▶ What the task requires
Omit the pictures. Transcribe exactly the lines below, from the one with "Renault - Midlum" up to and including the last.

[Records from a data source]
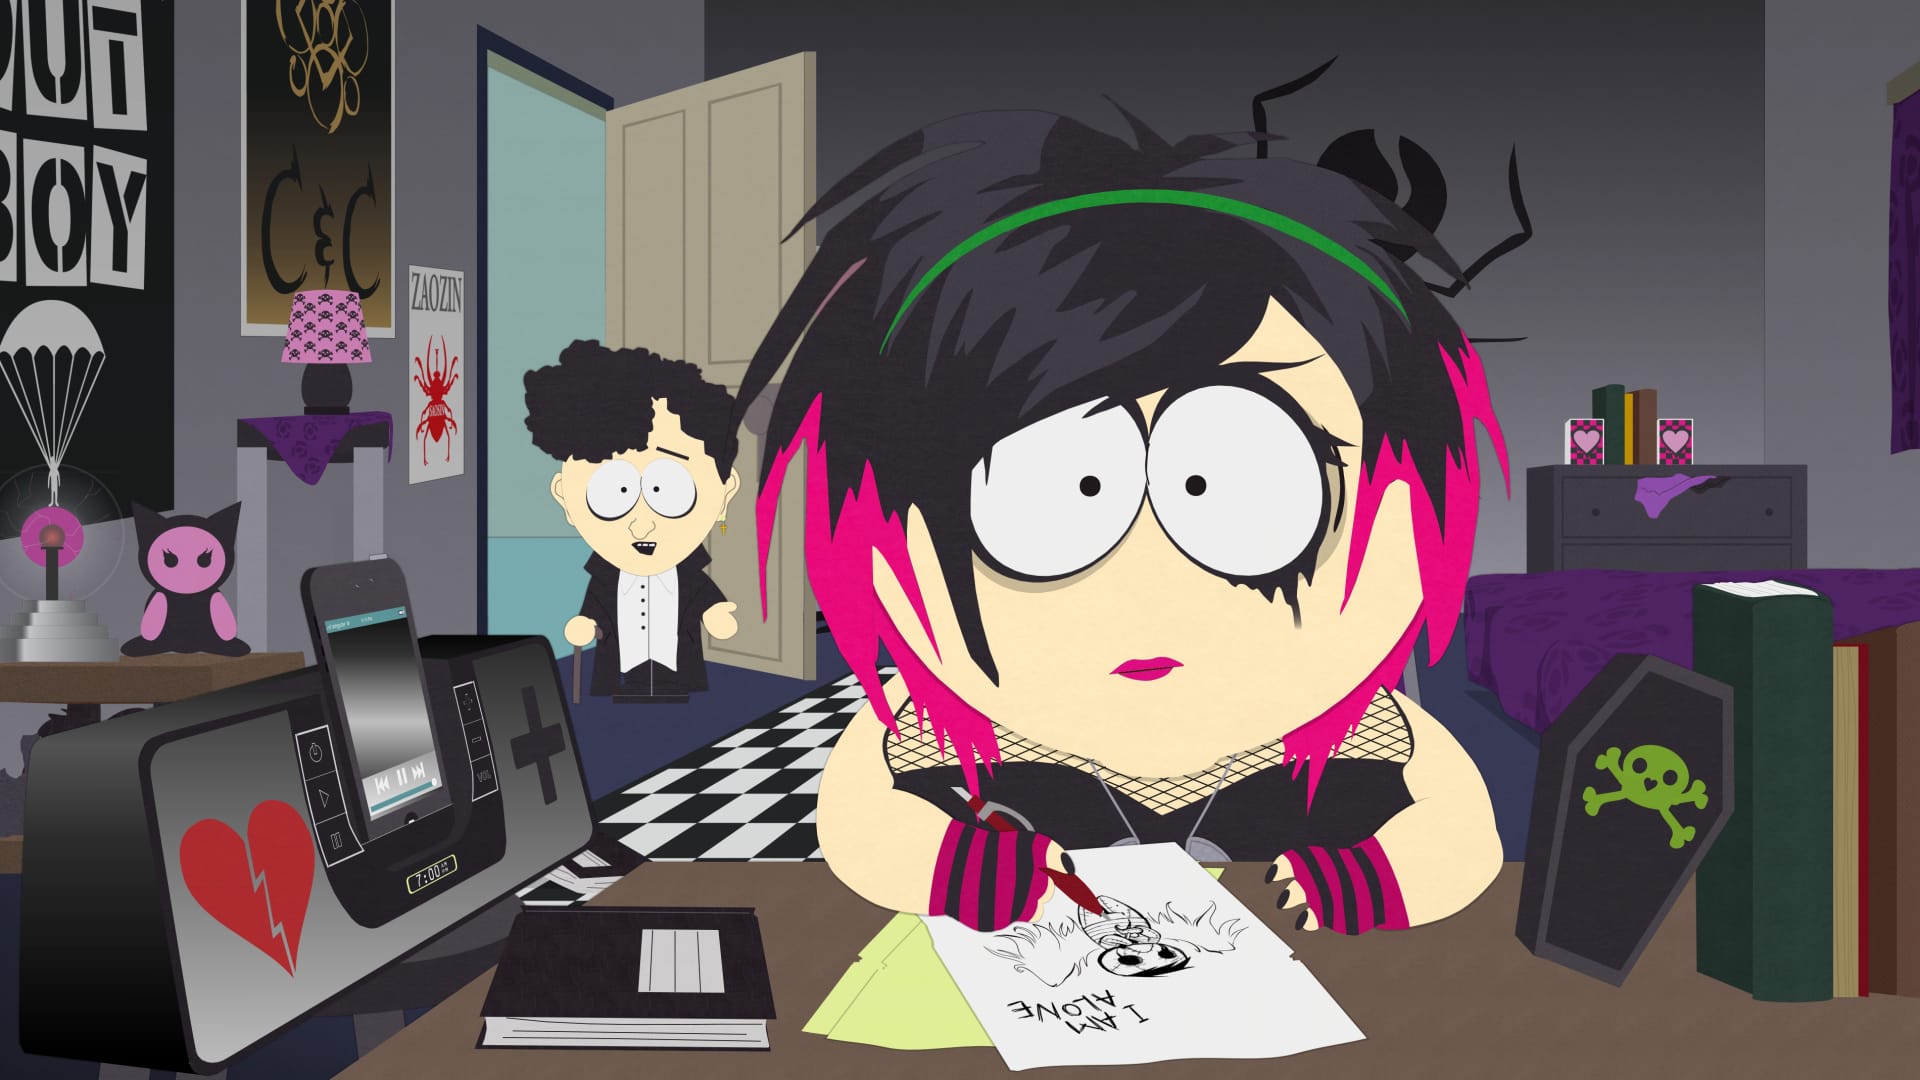 South Park - Goth Kids 3: Dawn of the Posers
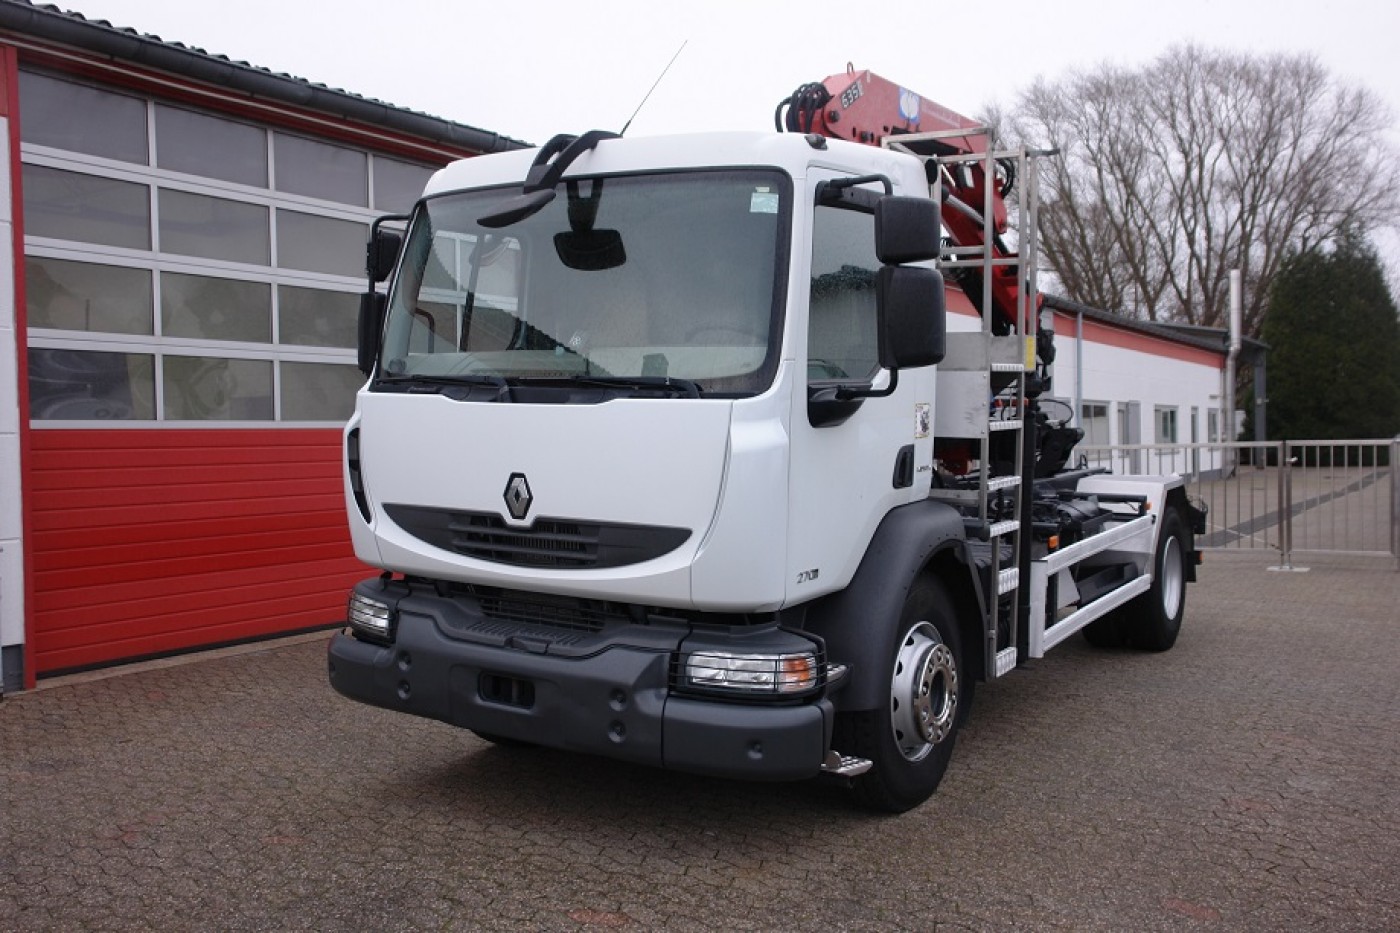 Renault - Midlum 270Dxi tipper crane 635HMF 2 extensions tipping device EURO5
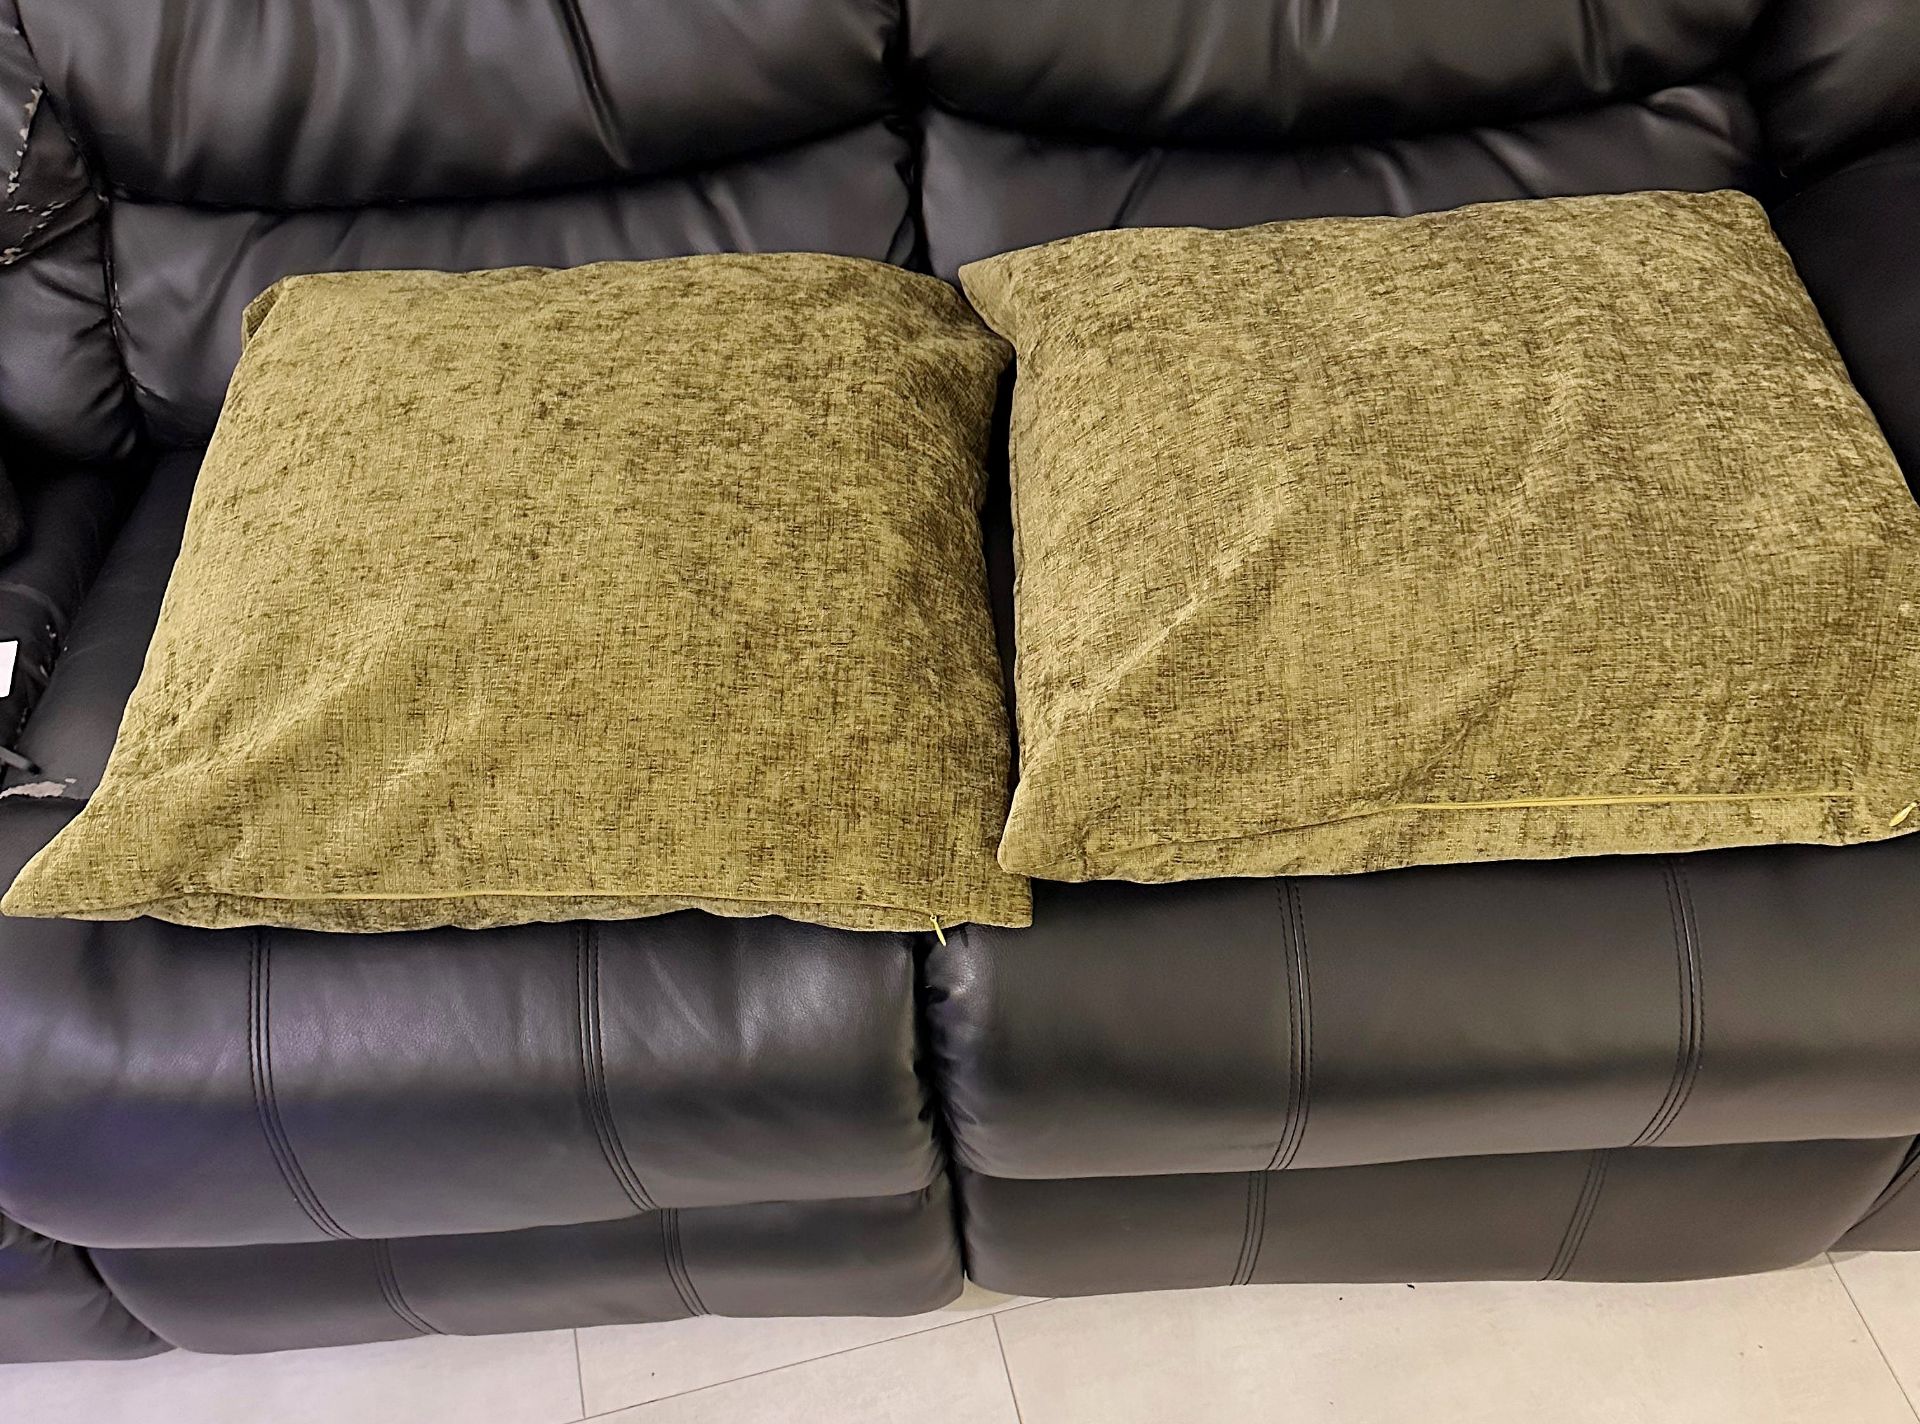 2 x Large Velvet Chenille Green Cushion With Cotton Inners And Zip Closing - Dimension 50x50cm - - Image 2 of 3
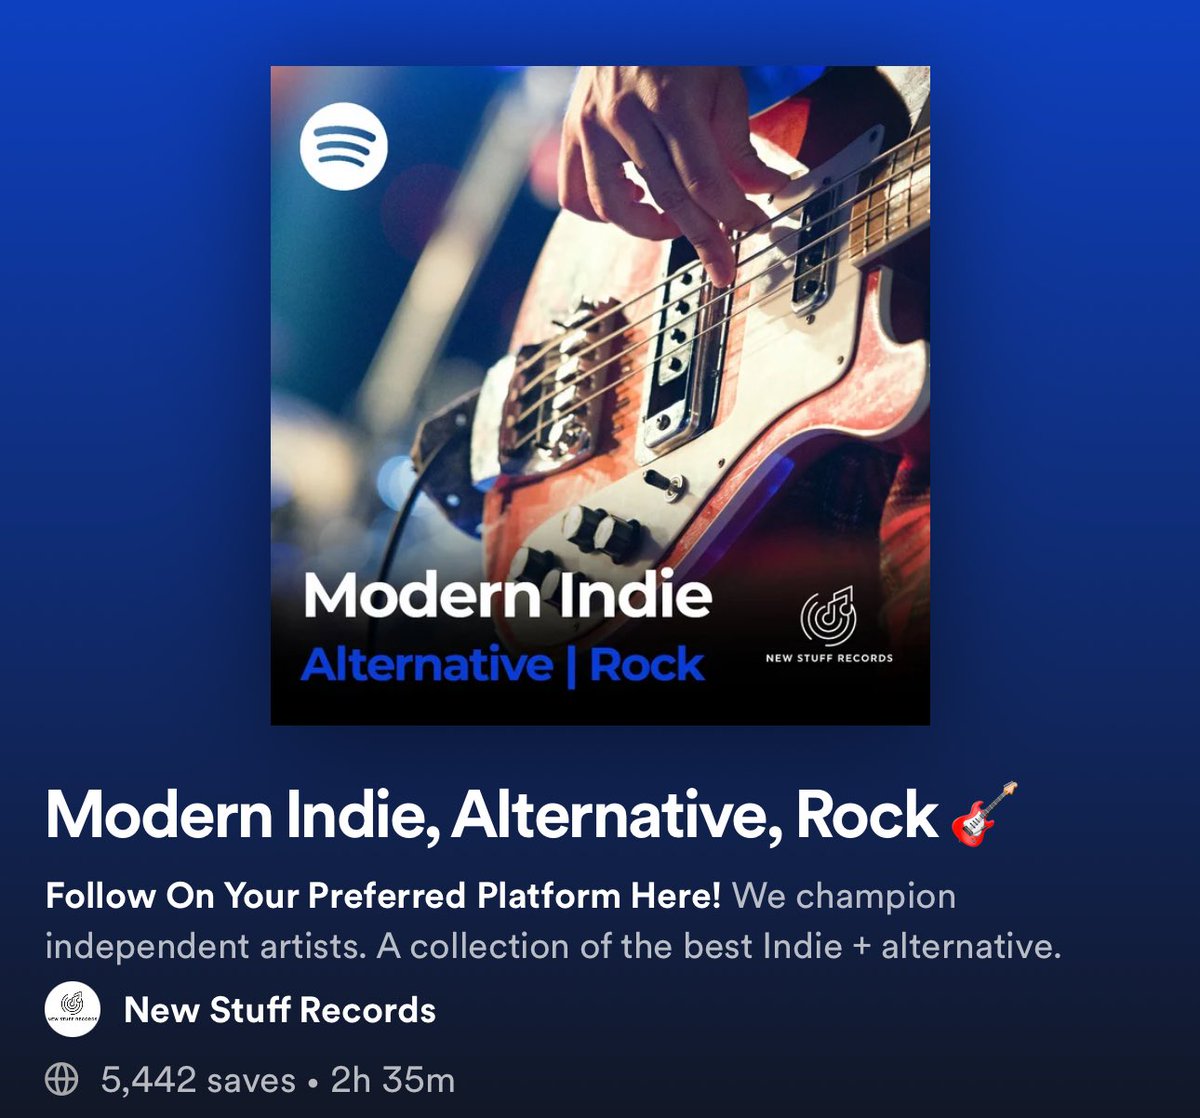 URGENT 24H OPPORTUNITY #2 I need 10 MORE indie/alternative/rock independent bands for my Modern Indie playlist, insane growth recently! 📈 To be considered 1) listen to my track ‘Taking Over’ 2) say what you think of it 3) and leave your link to your bands song submission in the…
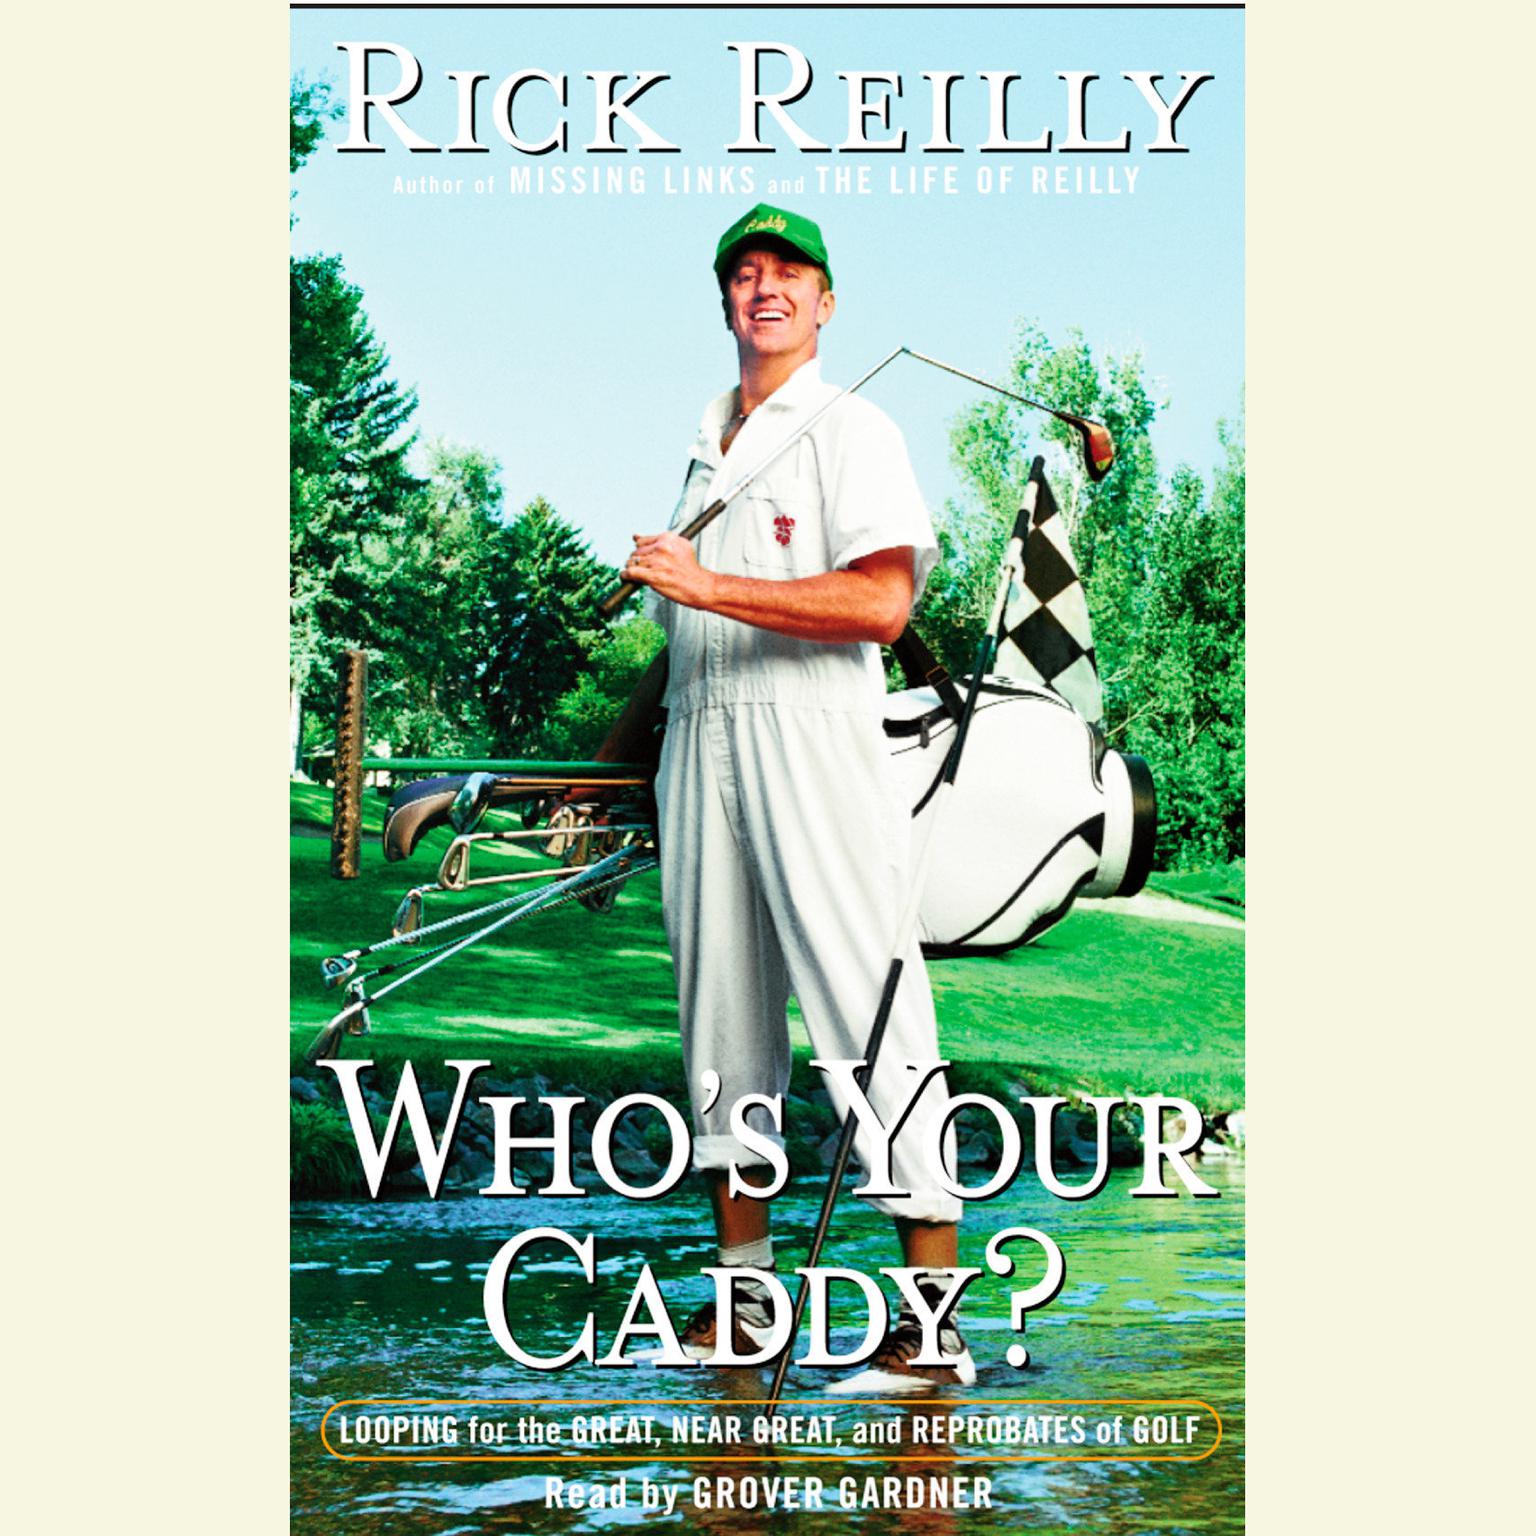 Whos Your Caddy? (Abridged): Looping for the Great, Near Great, and Reprobates of Golf Audiobook, by Rick Reilly

▶ Response to the task
 Renault - Midlum 270Dxi tipper crane 635HMF 2 extensions tipping device EURO5
 2 x Large Velvet Chenille Green Cushion With Cotton Inners And Zip Closing - Dimension 50x50cm - - Image 2 of 3
 URGENT 24H OPPORTUNITY #2 I need 10 MORE indie/alternative/rock independent bands for my Modern Indie playlist, insane growth recently! 📈 To be considered 1) listen to my track ‘Taking Over’ 2) say what you think of it 3) and leave your link to your bands song submission in the…
 Whos Your Caddy? (Abridged): Looping for the Great, Near Great, and Reprobates of Golf Audiobook, by Rick Reilly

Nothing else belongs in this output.